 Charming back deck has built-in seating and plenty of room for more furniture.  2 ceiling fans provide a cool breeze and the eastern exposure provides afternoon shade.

---

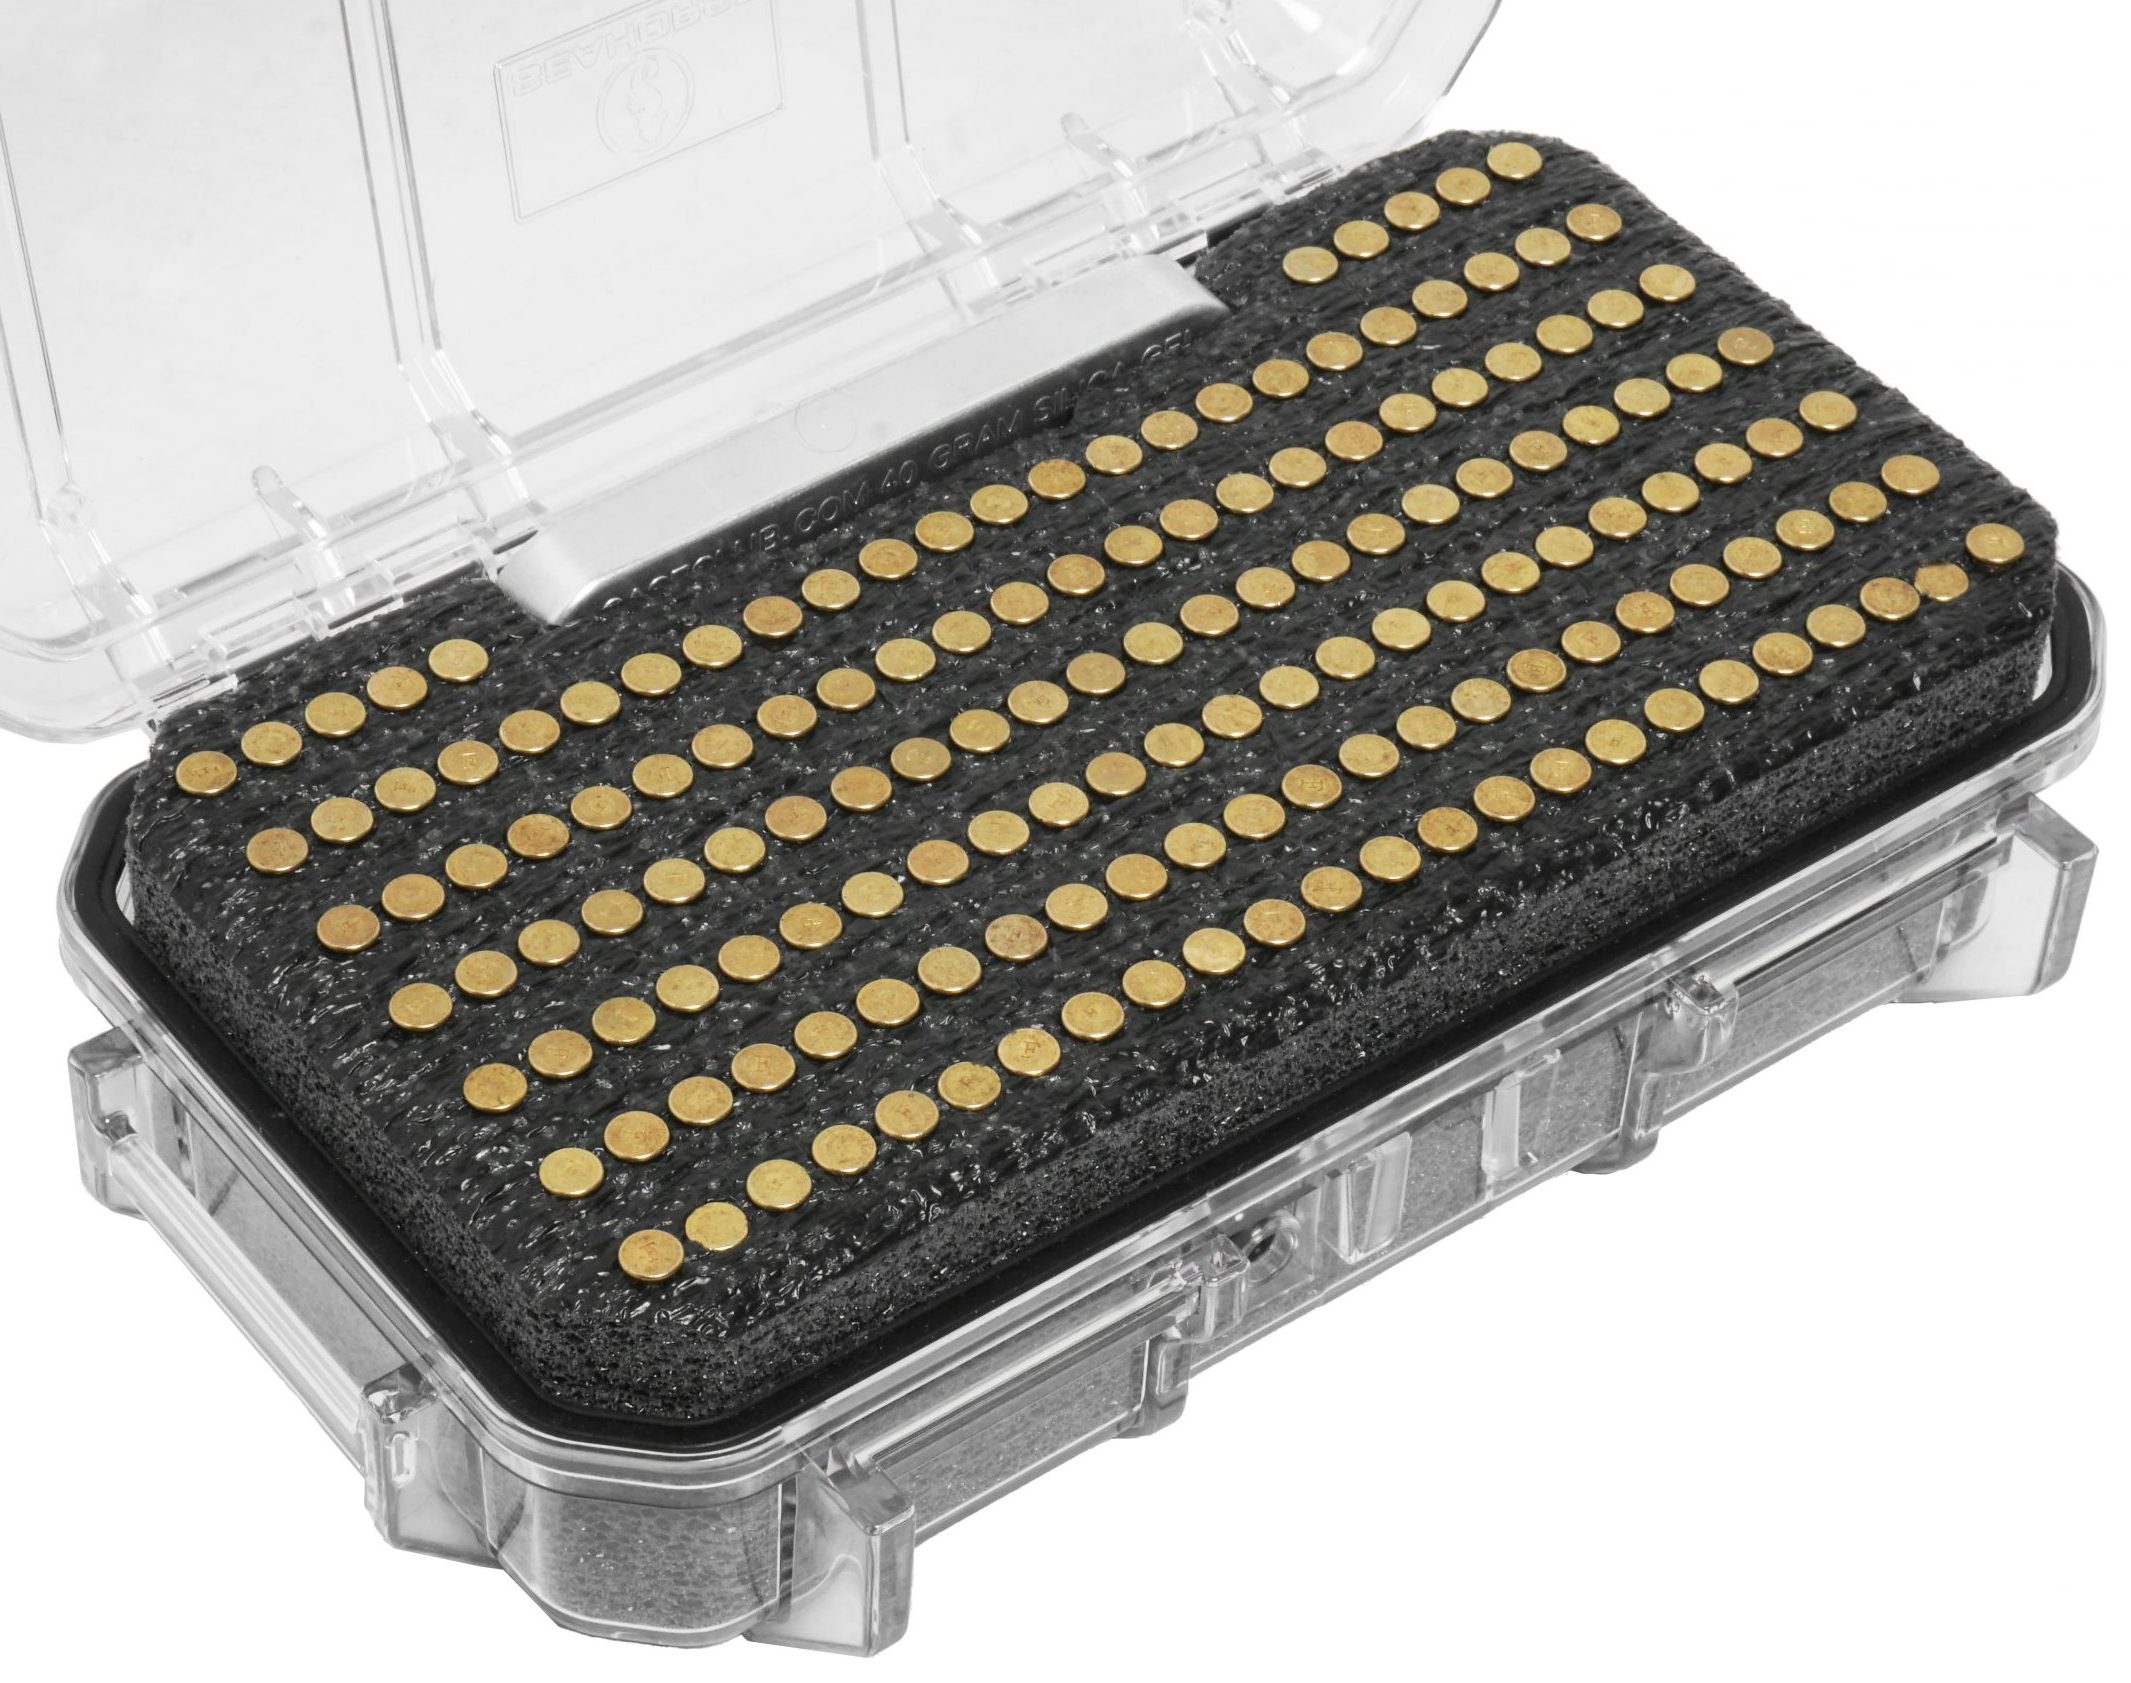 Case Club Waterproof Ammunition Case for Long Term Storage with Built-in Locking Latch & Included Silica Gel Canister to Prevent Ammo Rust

* * *

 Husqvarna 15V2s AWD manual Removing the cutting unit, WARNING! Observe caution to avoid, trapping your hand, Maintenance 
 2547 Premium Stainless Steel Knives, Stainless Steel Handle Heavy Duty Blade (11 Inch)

— REQUIRED WORK —
Looking at the records above, return exactly the lines from the line with "Husqvarna 15V2s AWD" to the line with "2547 Premium Stainless", both ends included.

— RESULT —
 Husqvarna 15V2s AWD manual Removing the cutting unit, WARNING! Observe caution to avoid, trapping your hand, Maintenance 
 2547 Premium Stainless Steel Knives, Stainless Steel Handle Heavy Duty Blade (11 Inch)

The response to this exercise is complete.